In the scatter model, $S_0(\theta )$ represents the constant used in full-field data scatter correction where $f(u)=1$. Such scatter ratios in a bare-beam scan are modulated by the phantom and approximately linear with the minimum transmissivity behind the phantom.

To integrate the scatter-corrected scout views into the subsequent reconstruction, one must match the MAD projection data with the scout views. The scatter estimation in the truncated data is generalized in the following steps.

• 1.
  Scatter ratios ${\widehat{S}}_0({\theta }_{\mathrm{ap}})$ and ${\widehat{S}}_0({\theta }_{\mathrm{lat}})$ are estimated by minimizing the mean-square error between the scatter-corrected MAD projection data at the corresponding views and the full-view data presuming the linear relationship in minimum transmissivity.

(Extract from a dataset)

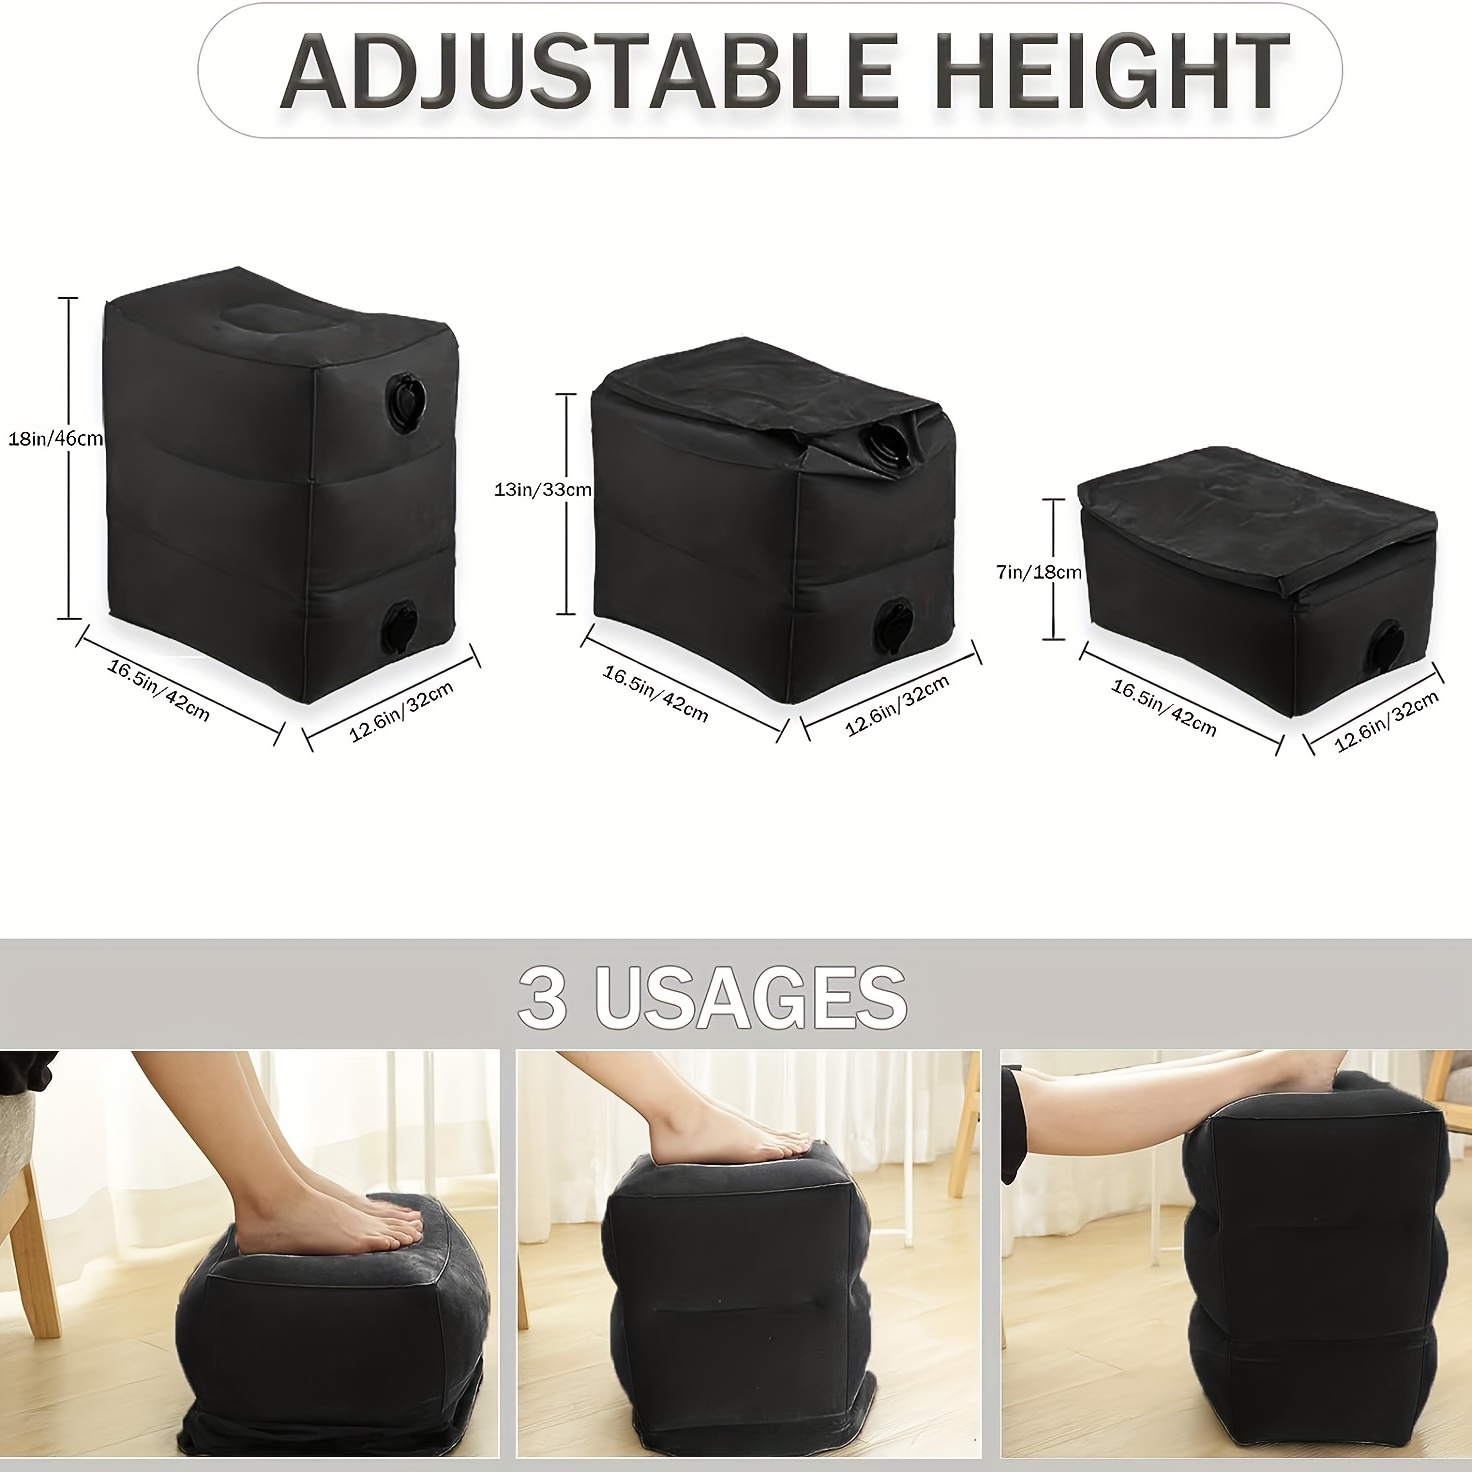 Desk Foot Rest Adjustable Height Double Layer Foot Rest For Under

  $${\widehat{S}}_0(\theta )=\arg \underset{S_0}{\min }\sum _{u\in u_{\mathrm{VOI}}(\theta )}{\Vert \log [y_{\mathrm{VOI}}(\theta )-S_{0}f{(u;\theta )}^{-\frac{1}{2}}]-\log [y_{\mathrm{full}}(\theta )]\Vert }^2,\theta \in \{{\theta }_{\mathrm{ap}},{\theta }_{\mathrm{lat}}\}.$$ (9)
• 2.
  To evaluate the scatter distribution in the rest of the scan where the full-view scan is not collected, the minimum projection behind the patient $\widehat{p}(\theta )$ is estimated with an uniform elliptical scout $\widehat{\mathrm{\Omega }}$, modeled with axes lengths, central offset, in-plane rotation, and attenuation coefficient, through matching pursuit in projections based on the two scout views.

  $$\widehat{\mathrm{\Omega }}=\arg \underset{\mathrm{\Omega }}{\min }\sum _{\theta \in \{{\theta }_{\mathrm{ap}},{\theta }_{\mathrm{lat}}\}}\Vert \mathbf{A}(\theta )\mathrm{\Omega }-y(\theta ){\Vert }_2^2,\widehat{p}(\theta )=\min \exp \{-\mathbf{A}(\theta )\mathrm{\Omega }\}.$$ (10)
• 3.
  Combining the scatter ratios $[{\widehat{S}}_0({\theta }_{\mathrm{ap}}),{\widehat{S}}_0({\theta }_{\mathrm{lat}})]$ and the estimated minimum projection $\widehat{p}(\theta )$, scatter ratio ${\breve{S}}_0(\theta )$ for each view is linearly estimated. For an elliptical scout,

  $${\breve{S}}_0(\theta )=\frac{\widehat{p}(\theta )-\widehat{p}({\theta }_{\mathrm{ap}})}{\widehat{p}({\theta }_{\mathrm{lat}})-\widehat{p}({\theta }_{\mathrm{ap}})}[{\widehat{S}}_0({\theta }_{\mathrm{lat}})-{\widehat{S}}_0({\theta }_{\mathrm{ap}})]+{\widehat{S}}_0({\theta }_{\mathrm{ap}}).$$ (11)

  If the scout estimation is nearly circular [$\widehat{p}({\theta }_{\mathrm{lat}})\approx \widehat{p}({\theta }_{\mathrm{ap}})$], ${\breve{S}}_0(\theta )$ is estimated with the mean of ${\widehat{S}}_0({\theta }_{\mathrm{ap}})$ and ${\widehat{S}}_0({\theta }_{\mathrm{lat}})$ as a constant with respect to view angle $\theta$.
• 4.Substituting ${\breve{S}}_0$ in Eq. (8), the scatter estimation $S(\theta )$ is subtracted from the projections frame by frame.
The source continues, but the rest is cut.